In the rubricator there is a “all” peak. Also there are keywords found in the text. The goal of this stage is to find a path from each found keyword for the vertex “everything”.
For the keyword "sand", the path to the root of the rubricator will look like this:



Similarly, the paths to the top are constructed for all the words found at the previous step.



As a result of this construction for each keyword is the path to the top.

Subject definition


Let us now consider how the rubric was automatically determined by the example of the article: “ How to lay paving slabs? ". A person, even without reading the article, can assume that we will talk about possible ways of laying tiles and related materials and technologies.
Let's check how the automatic rubric definition for this article will work.
We begin, traditionally, with the keywords found in the article and having a mapping in the rubricator.
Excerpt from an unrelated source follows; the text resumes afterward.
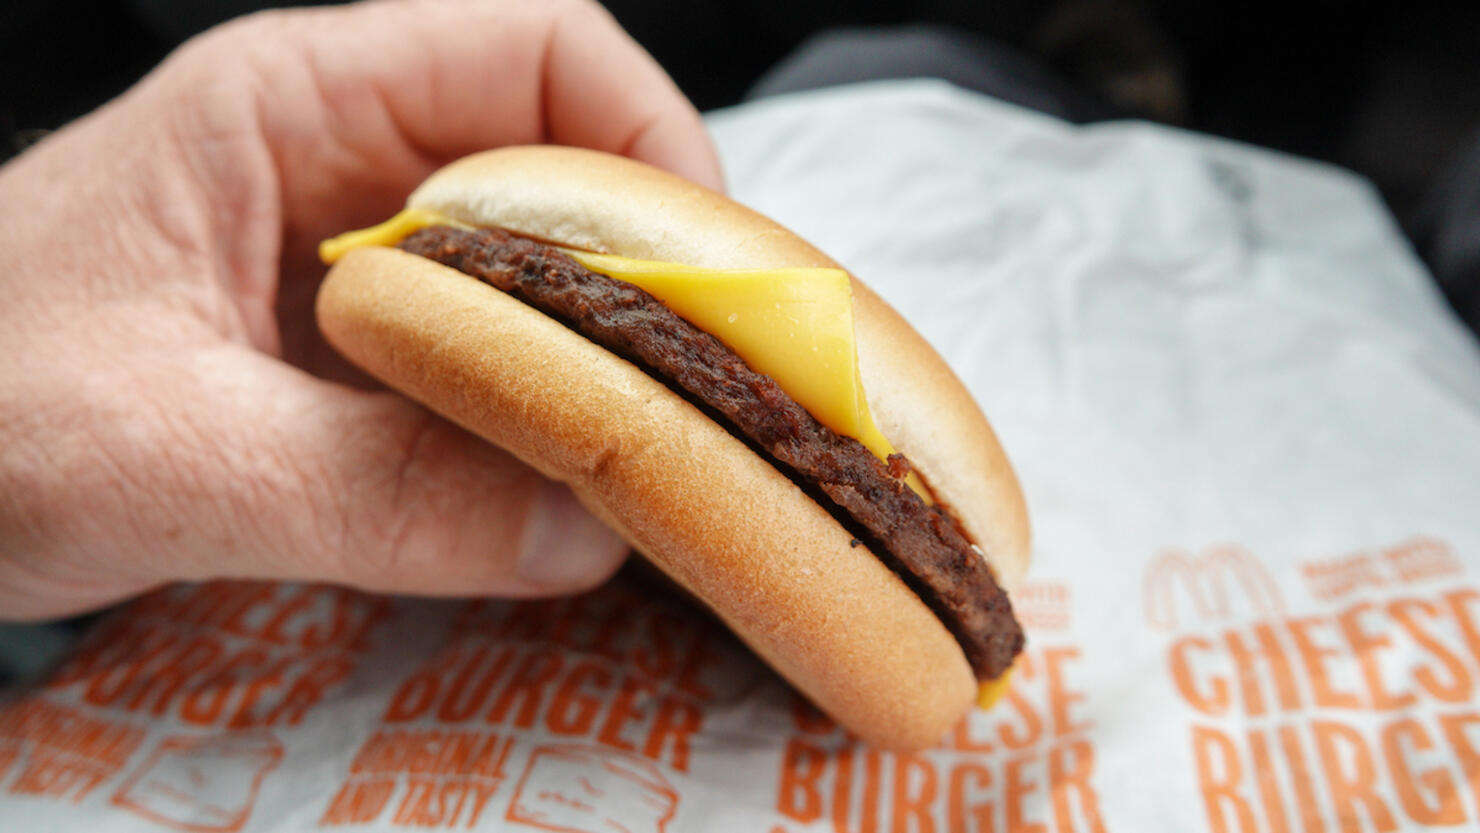 McDonald's Increases The Price Of Cheeseburger

In the figure, the mark “heading” means that this element of the rubricator is not a sheet. This allows you to "combine" the name of the rubric and the keyword describing it.

The most popular word in the article “ How to lay paving slabs?” Is “paving slabs”, which was to be expected.

Below is the part of the rubricator that was involved in the example:



For example, it is shown that the key word “gravel” is assigned to two headings, and the key word “paving slabs” is only to one. Also, the headings, whose names are not found in the text, are highlighted by the light background. (Remember that a keyword and heading may have the same name. Details in previous articles.)

Now let's look at the rubrics to which the article was assigned:



The first rubric to which this article belongs is the “Paving materials” rubric.

In the figure, the highlighted line is a rubric with totals and below is a label with data for each word.



The final grade for this category is 7. This is the highest grade. From this rubric in the text 2 words met, 7 times at a total distance of 2. I recall that the distance between two vertices of the graph is the number of edges in the shortest path.



Namely, the text met the words "gravel" - once. And the key word "paving slabs" 6 times. Both of these words are affiliated with the paving materials category.

Total: (Gravel 1 word) + (Paving slabs 6 words) + 2 words met - (1 (Distance from the word Gravel to "Materials for paving") +
1 (Distance from the word Paving slabs to "Materials for paving"))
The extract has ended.